Fair datapoint
This guide provides steps to install FDP and configure it with GDI-specific SHACL shapes. For a more comprehensive overview, please refer to the existing FDP documentation on exposing metadata.
- Follow the installation guide in the documentation linked above to set up FDP in your environment.
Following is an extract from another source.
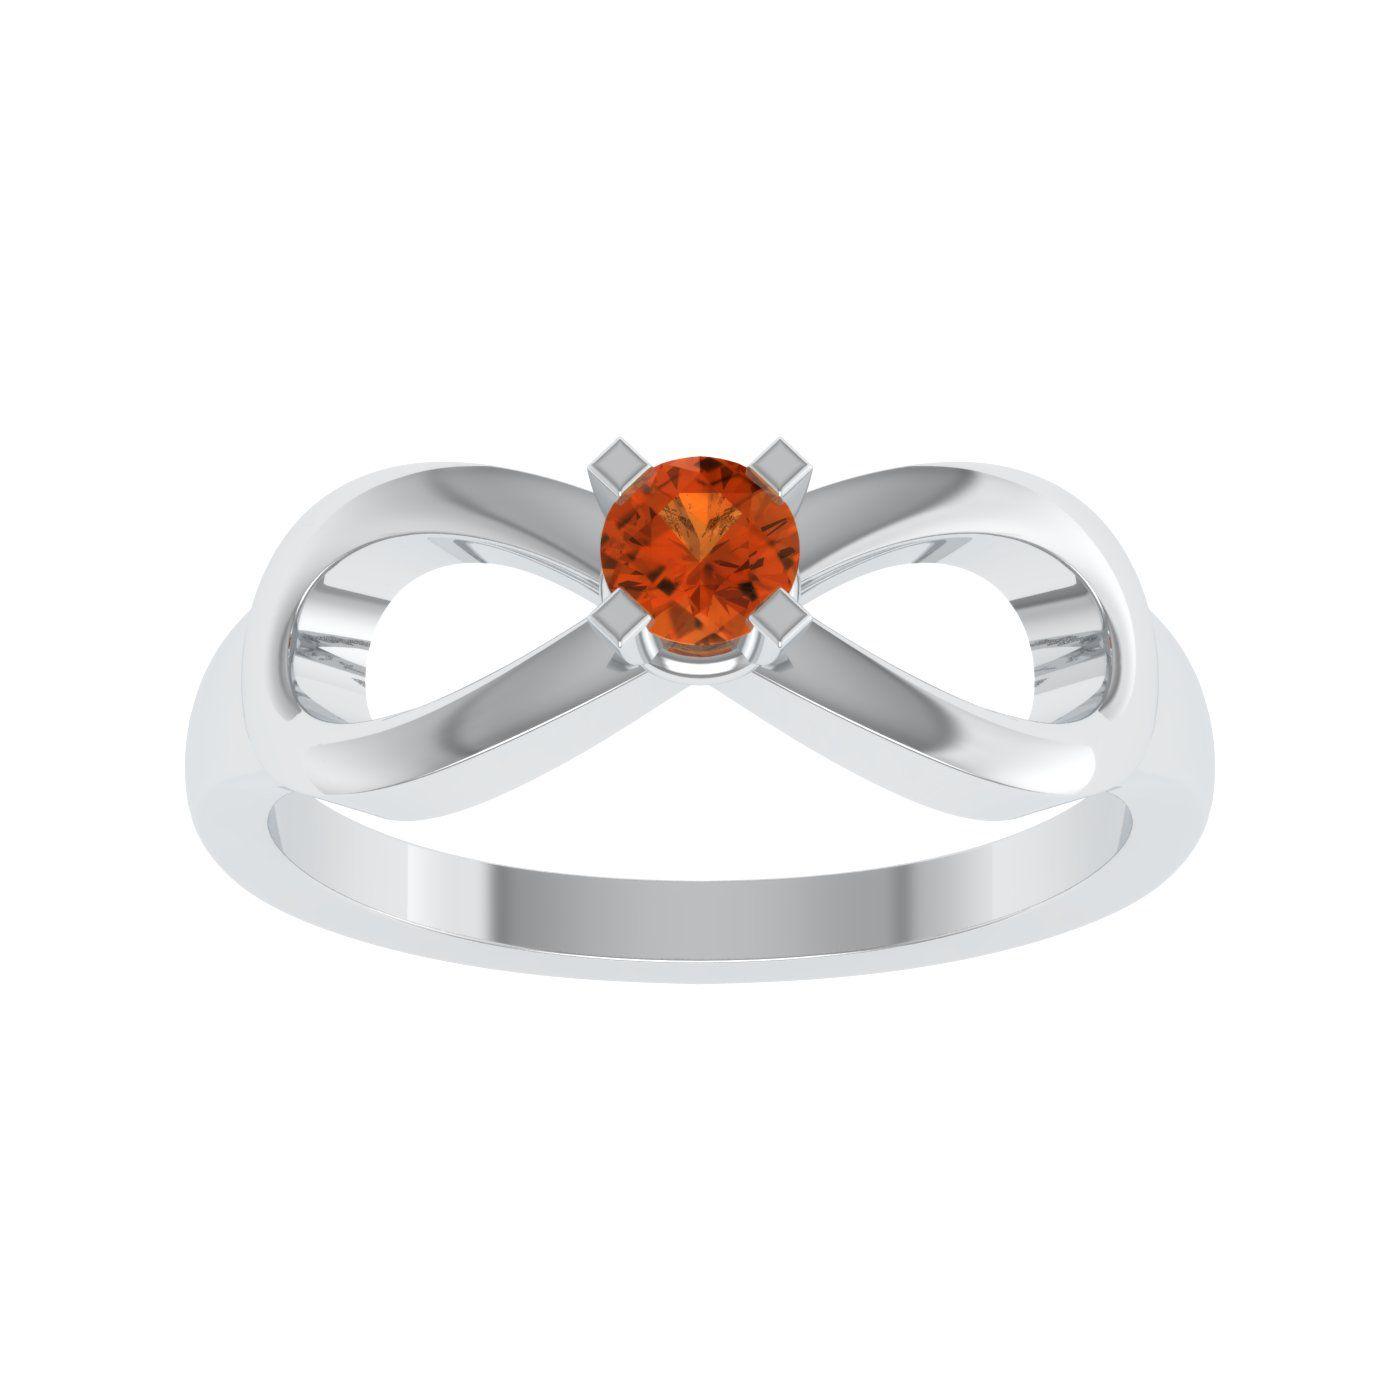 Shreeji Jewellers 92.5 Silver Ring

- Ensure that the FDP instance is accessible and that you have administrative rights to configure metadata schemas.
To add GDI-specific SHACL validation, perform the following steps:
- Access the GDI-specific SHACL shapes from this GDI metadata repository.
- Download each SHACL shape file (e.g.,
Resource.ttl
and others).
- Login to FDP using an admin account.
- Navigate to Metadata Schemas (located in the dropdown under your username).
- For each shape file:
- Open the editor and paste the contents of
Resource.ttl
(or other shapes). - Add a description to document the purpose or release information.
- Ensure the abstract checkbox is selected when uploading
Resource.ttl
, as most other classes derive from it. - For other shapes, uncheck the abstract checkbox.
- Press Save and Release to finalize the shape.
- Provide a meaningful description and version number for the release.
- Check the public checkbox to make the shape accessible.
- Press Release to complete the upload.
- Open the editor and paste the contents of
Repeat these steps for each SHACL shape file.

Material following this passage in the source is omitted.